LithiumaniacsEVRacing said:


> Okay, will use that option next time.


I have put all your photos into your first post. It will tidy things up for you.


----------



## LithiumaniacsEVRacing (Oct 9, 2010)

Thank you! and Happy Thanksgiving to all!



Woodsmith said:


> I have put all your photos into your first post. It will tidy things up for you.


----------



## LithiumaniacsEVRacing (Oct 9, 2010)

Team Lithiumaniacs has hired _Bill Scrivener of Scrivener Performance Engineering. He has over 30 years in drag racing experience, he has custom built drag racing chassis for many teams still racing today._

_His recommendations for our 1981 Camaro dragster are:_

_* New fiberglass doors, trunk lid, and one piece nose._
_* Custom built motor brackets moving the motors closer to the rear._
_* Custom built battery boxes._
_* Tube front controll arms (will save 50lbs)._
_* Two additional rool cage bars._
_* New ring and pinion matching the motor and wheels._

_etc.....pictures coming on modifications and assembly! _


----------



## DavidDymaxion (Dec 1, 2008)

I'm not claiming to be a drag racing or EV expert, but here's a couple things that jumped to mind:

Since batteries are heavy, and can be put almost anywhere, I wouldn't think you'd need to move the motors, just move the pack back a little more. You can also build an oversized battery box, and move batteries forward or back, fill the empty space with foam or something, to adjust weight balance. Bill Dube ( NEDRA Killacycle record setter) also says the height of the pack is important for tuning.

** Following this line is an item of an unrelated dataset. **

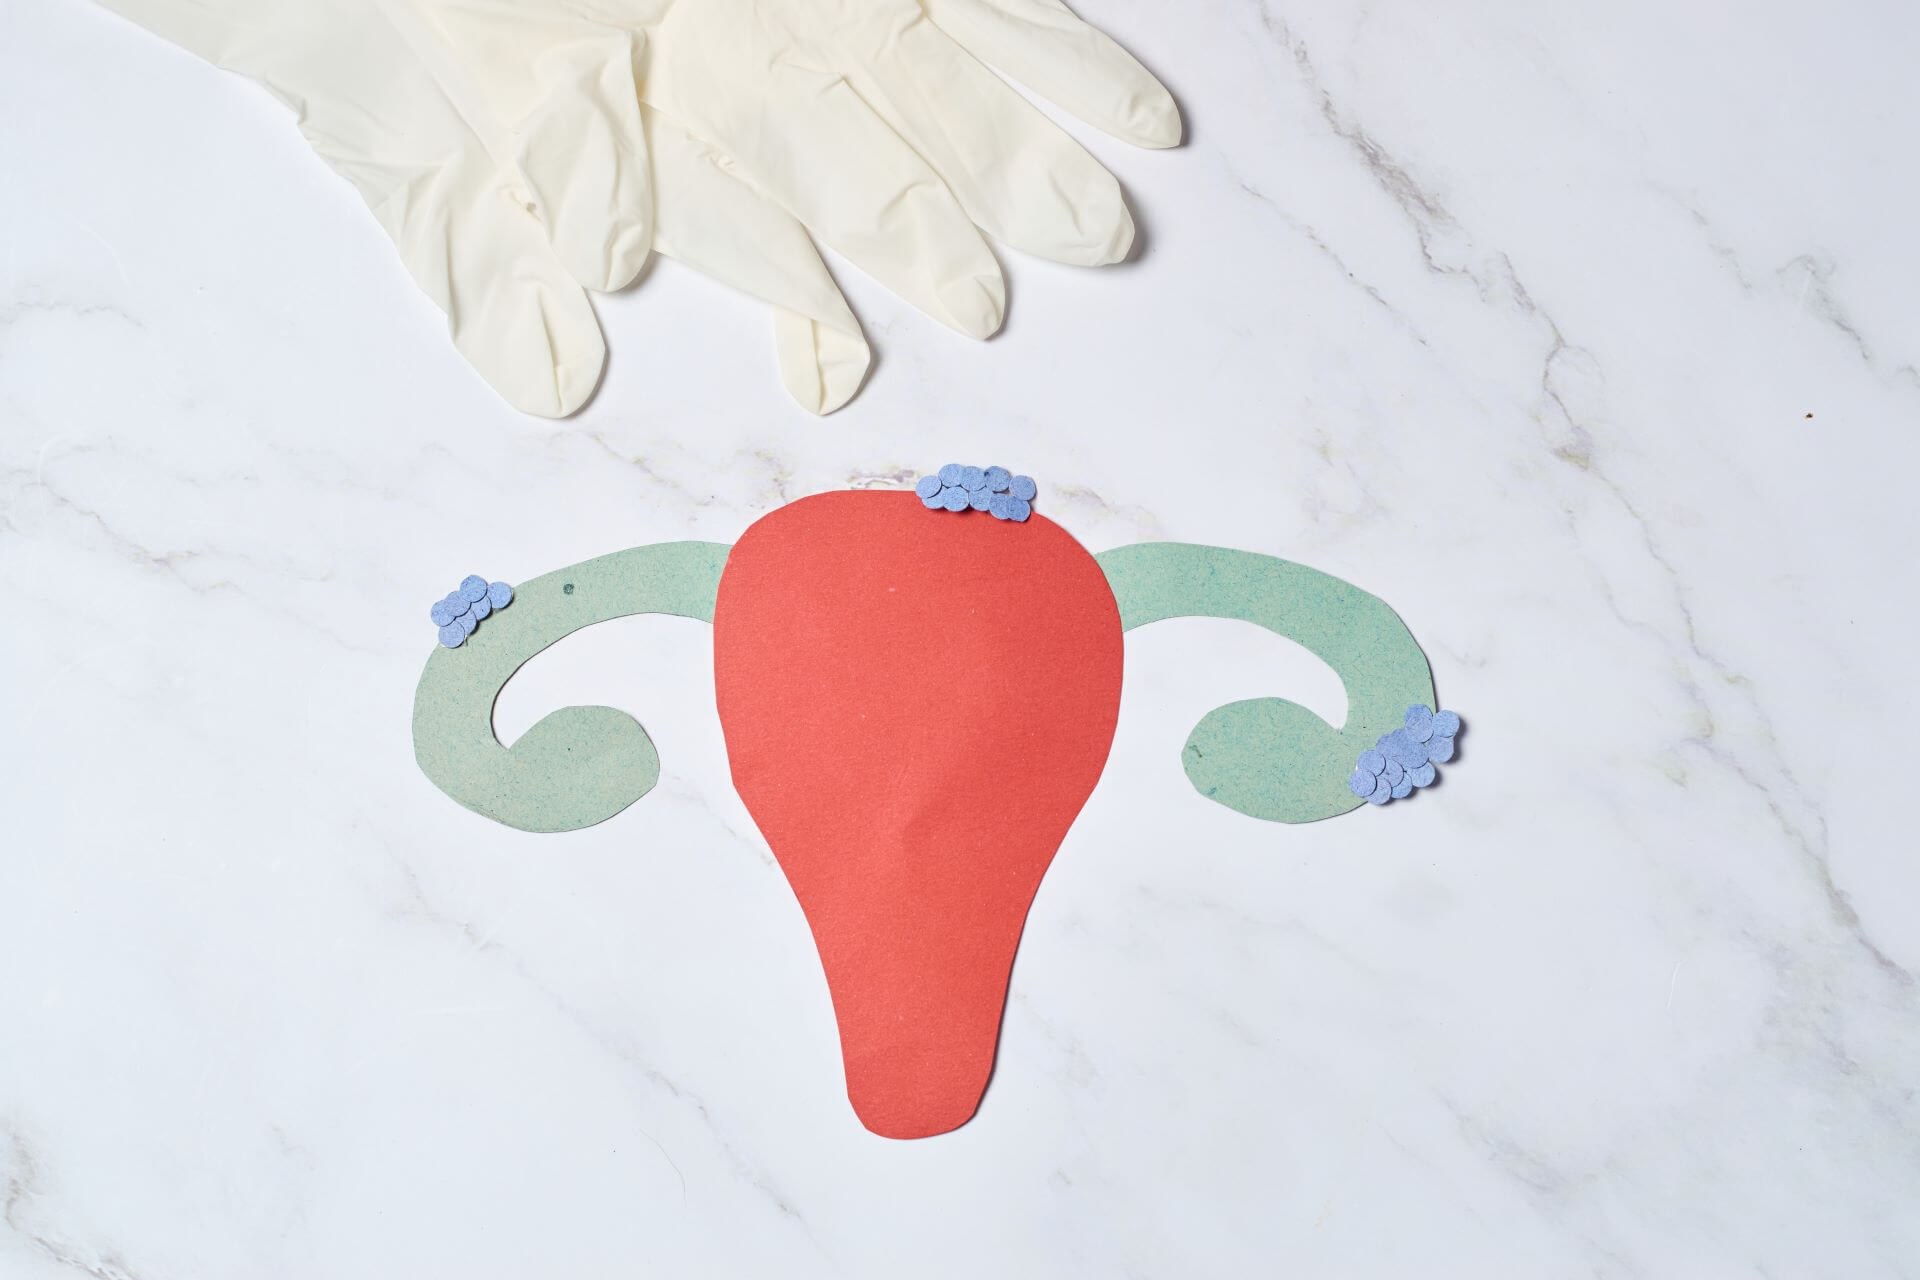 Você está visualizando atualmente Quando fazer colonoscopia na endometriose?

What ring and pinion is he recommending? On what basis? Why not get some data with the existing gear first? That's something that is just as easily changed after the conversion to electric power.

The NEDRA board ( http://www.NEDRA.com ) would be the best place to ask about these things -- they'll give good advice for free.


LithiumaniacsEVRacing said:


> Team Lithiumaniacs has hired _Bill Scrivener of Scrivener Performance Engineering. He has over 30 years in drag racing experience, he has custom built drag racing chassis for many teams still racing today._
> 
> _His recommendations for our 1981 Camaro dragster are:_
> 
> ...


----------



## toddshotrods (Feb 10, 2009)

DavidDymaxion said:


> I'm not claiming to be a drag racing or EV expert, but here's a couple things that jumped to mind:
> 
> Since batteries are heavy, and can be put almost anywhere, I wouldn't think you'd need to move the motors, just move the pack back a little more. You can also build an oversized battery box, and move batteries forward or back, fill the empty space with foam or something, to adjust weight balance...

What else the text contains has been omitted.